Convicted of murder and sentenced to 20 years in prison, Heilo has served five years. The Supreme Court last month rejected an appeal claiming he acted in self-defense but, according to Haaretz, downgraded his charge from murder to manslaughter and reduced the sentence to 12 years.

Yoel Hasson, an lawmaker with the Zionist Union party, organized a letter to Rivlin on Heilo’s behalf, collecting 65 signatures, according to Haaretz.
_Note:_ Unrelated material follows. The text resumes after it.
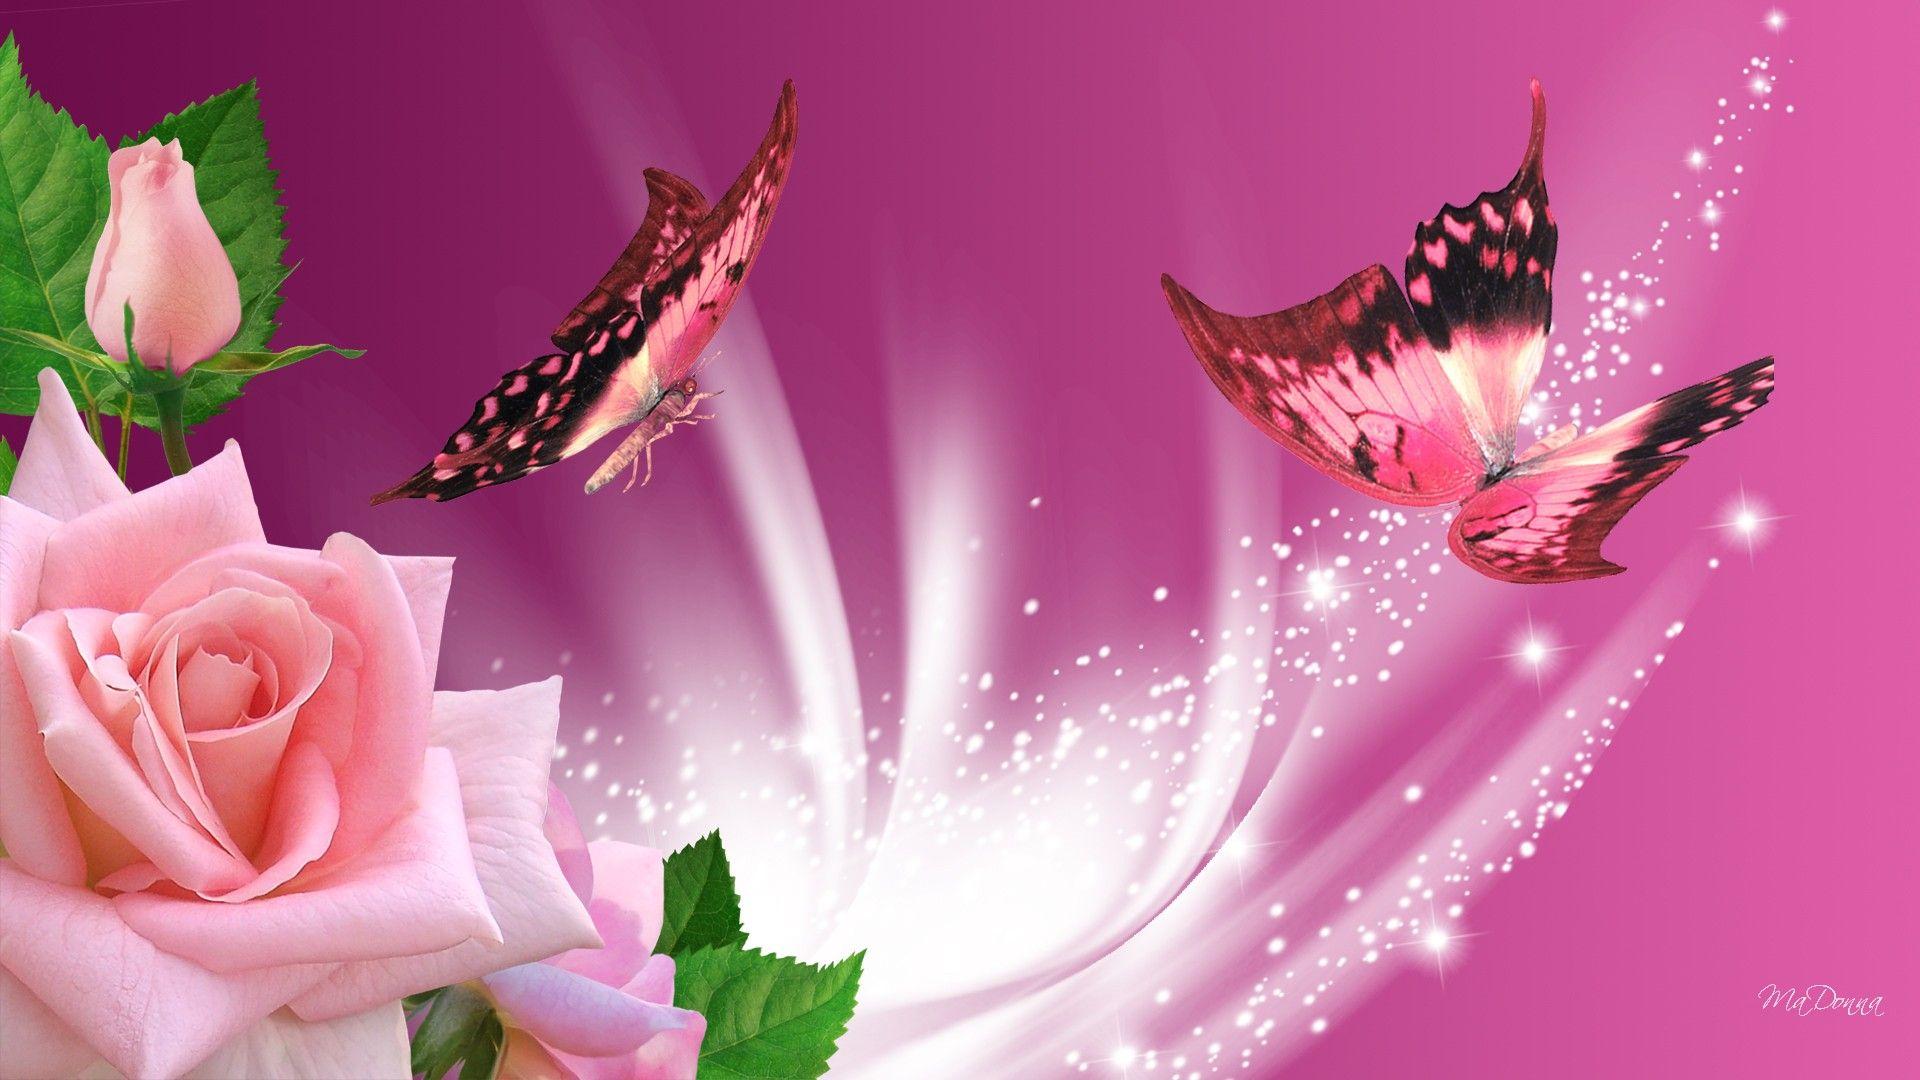 pinkbutterfliesroses221561.jpg (1920×1080) Butterfly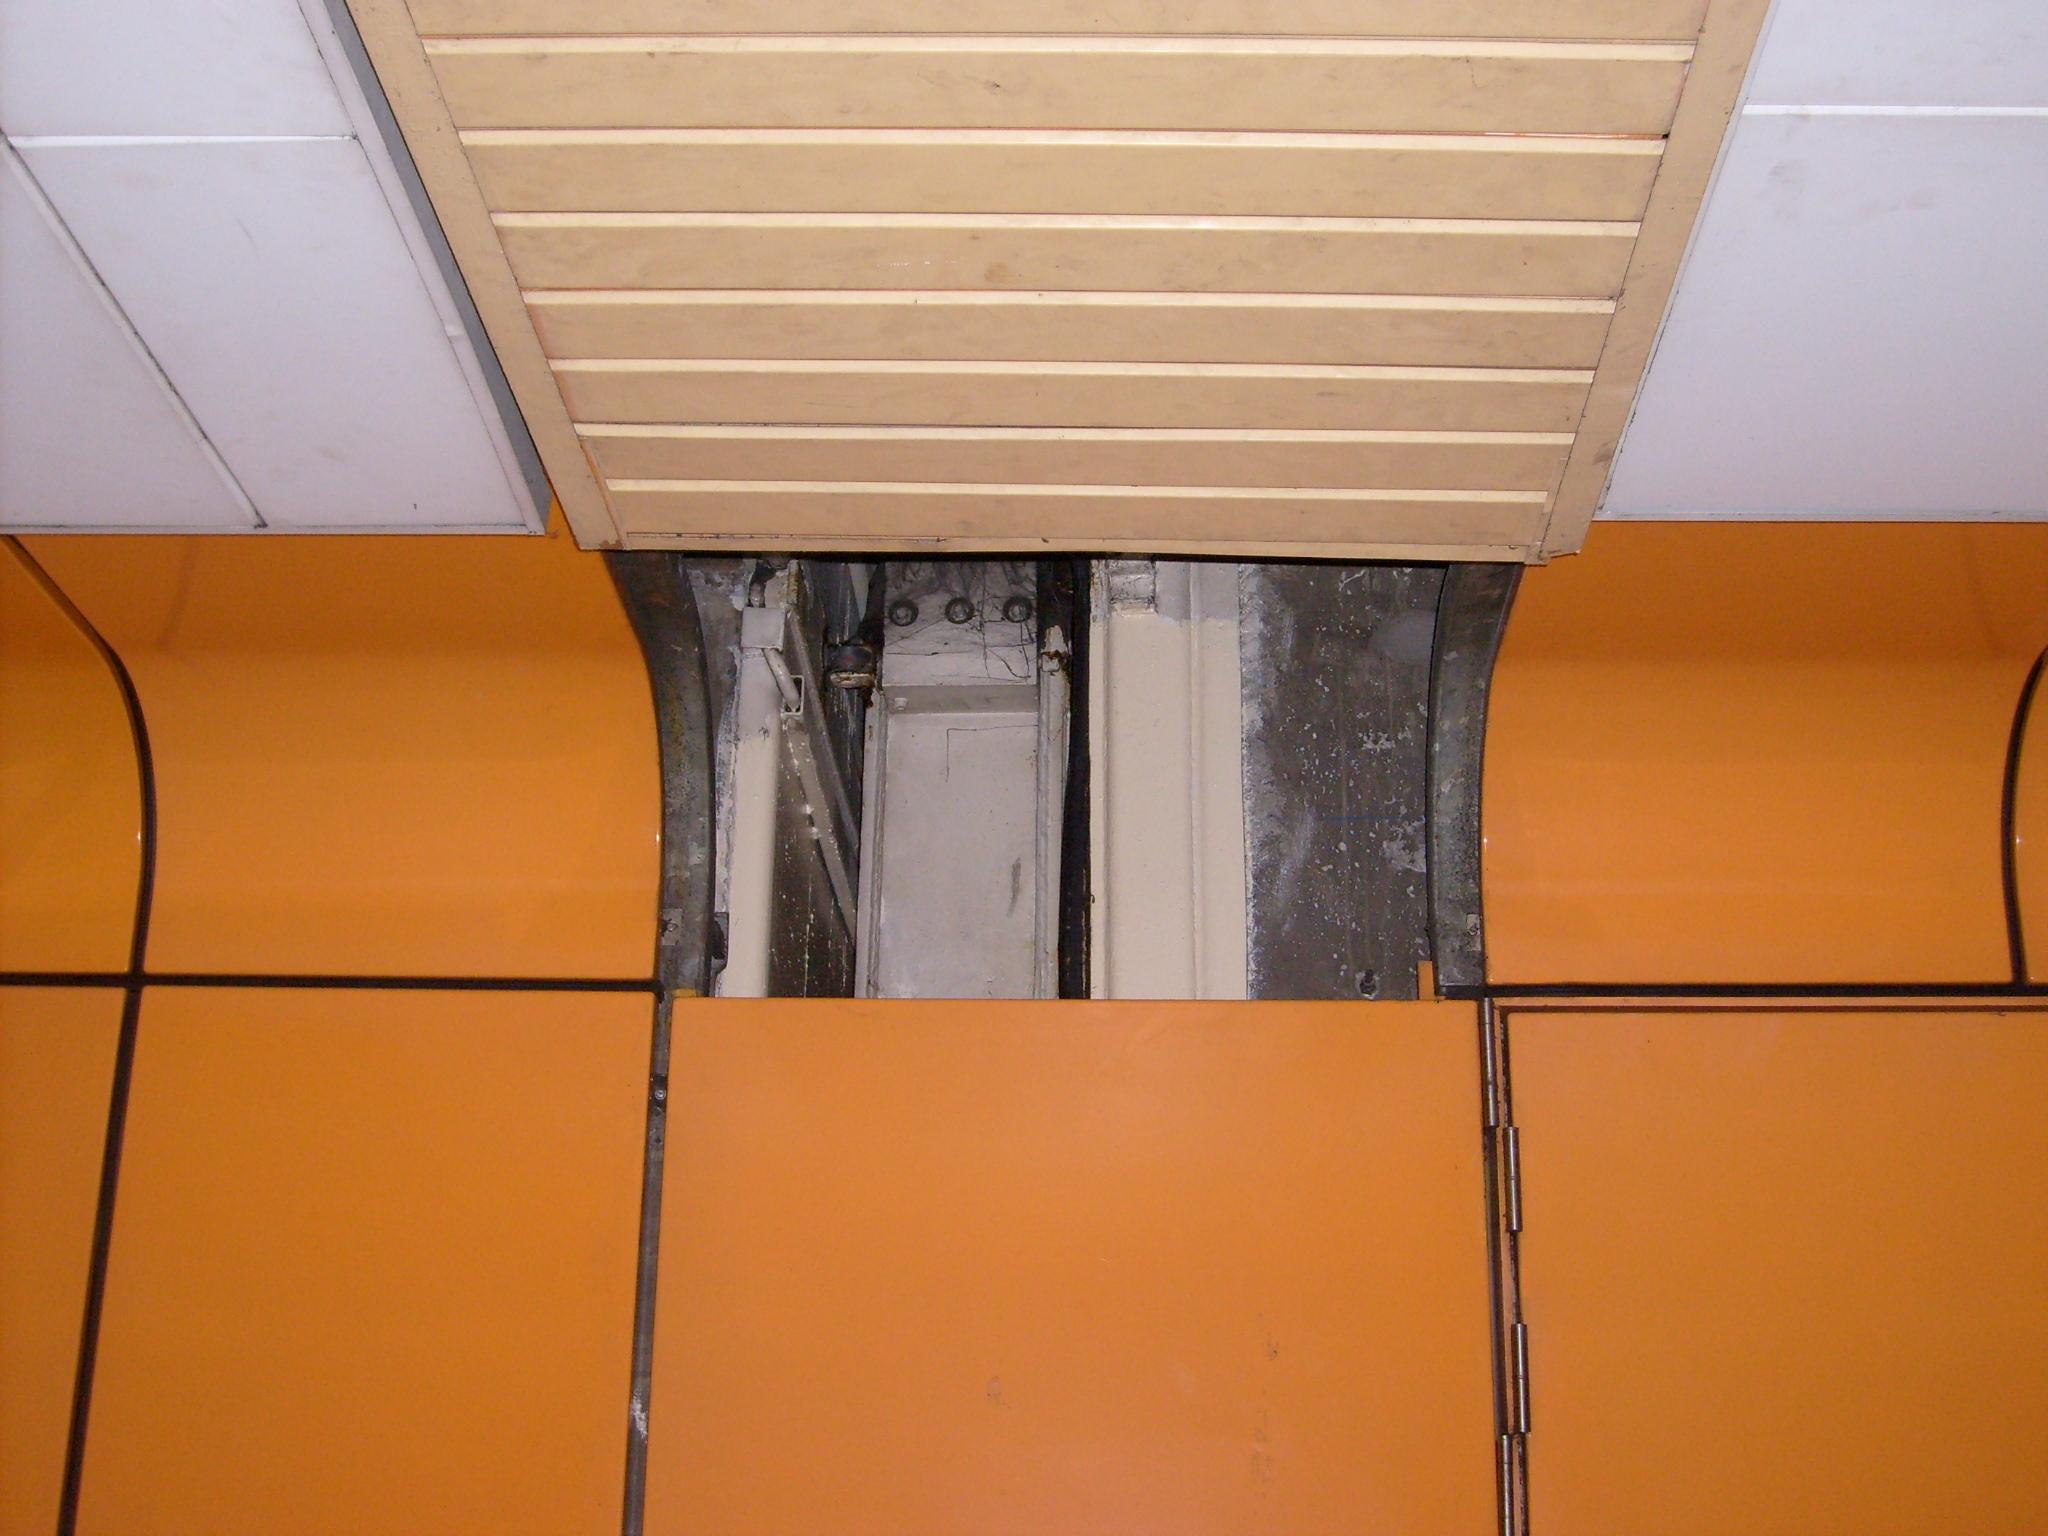 FileSubway Shelter Blast Door.JPG & File:Subway Shelter Blast Door.JPG - Wikimedia Commons

The letter notes that Heilo had no previous criminal record. It acknowledges that Heilo “committed a very serious act” and “should be punished.” However, it continues, “in no way is it possible to compare the killing in his tragic case and other cases of evil criminals.”

Heilo’s story, the letter says, “reflects the reality of the difficult lives of many members of the Ethiopian community, people whom the state and welfare authorities neglect, whom the police sometimes harasses, and in some cases many prefer to suffer in quiet simply because they feel that they have no one to turn to.”

According to Haaretz, the signatories represent all the parties in the Knesset.

Wide-ranging terror law passes Knesset in aftermath of Tel Aviv attack

A week after Palestinian terrorists killed four Israelis in an upscale Tel Aviv food court, the Knesset on Wednesday passed wide-ranging new anti-terrorism legislation to replace all previous anti-terror laws and regulations.

The bill, which Haaretz said was supported by all the major parties in the Knesset except Meretz and the Joint Arab List, passed by a vote of 57-16, according to The Times of Israel. It was not clear from the media coverage why only 73 of the Knesset’s 120 members voted.

The legislation, which according to Haaretz applies only to activities inside Israel’s pre-1967 borders, combines several bills and supersedes laws that go back to the prestate British Mandate era.

Defining terrorism as a harmful activity or threat committed out of a “political, religious, nationalistic or ideological” motive and designed to sow fear or apply pressure on the government or international organizations, the law does not distinguish between Jews and Palestinians or soldiers and civilians. It also specifies procedures for defining terror groups and seizing their assets, as well as how to deal with terror suspects.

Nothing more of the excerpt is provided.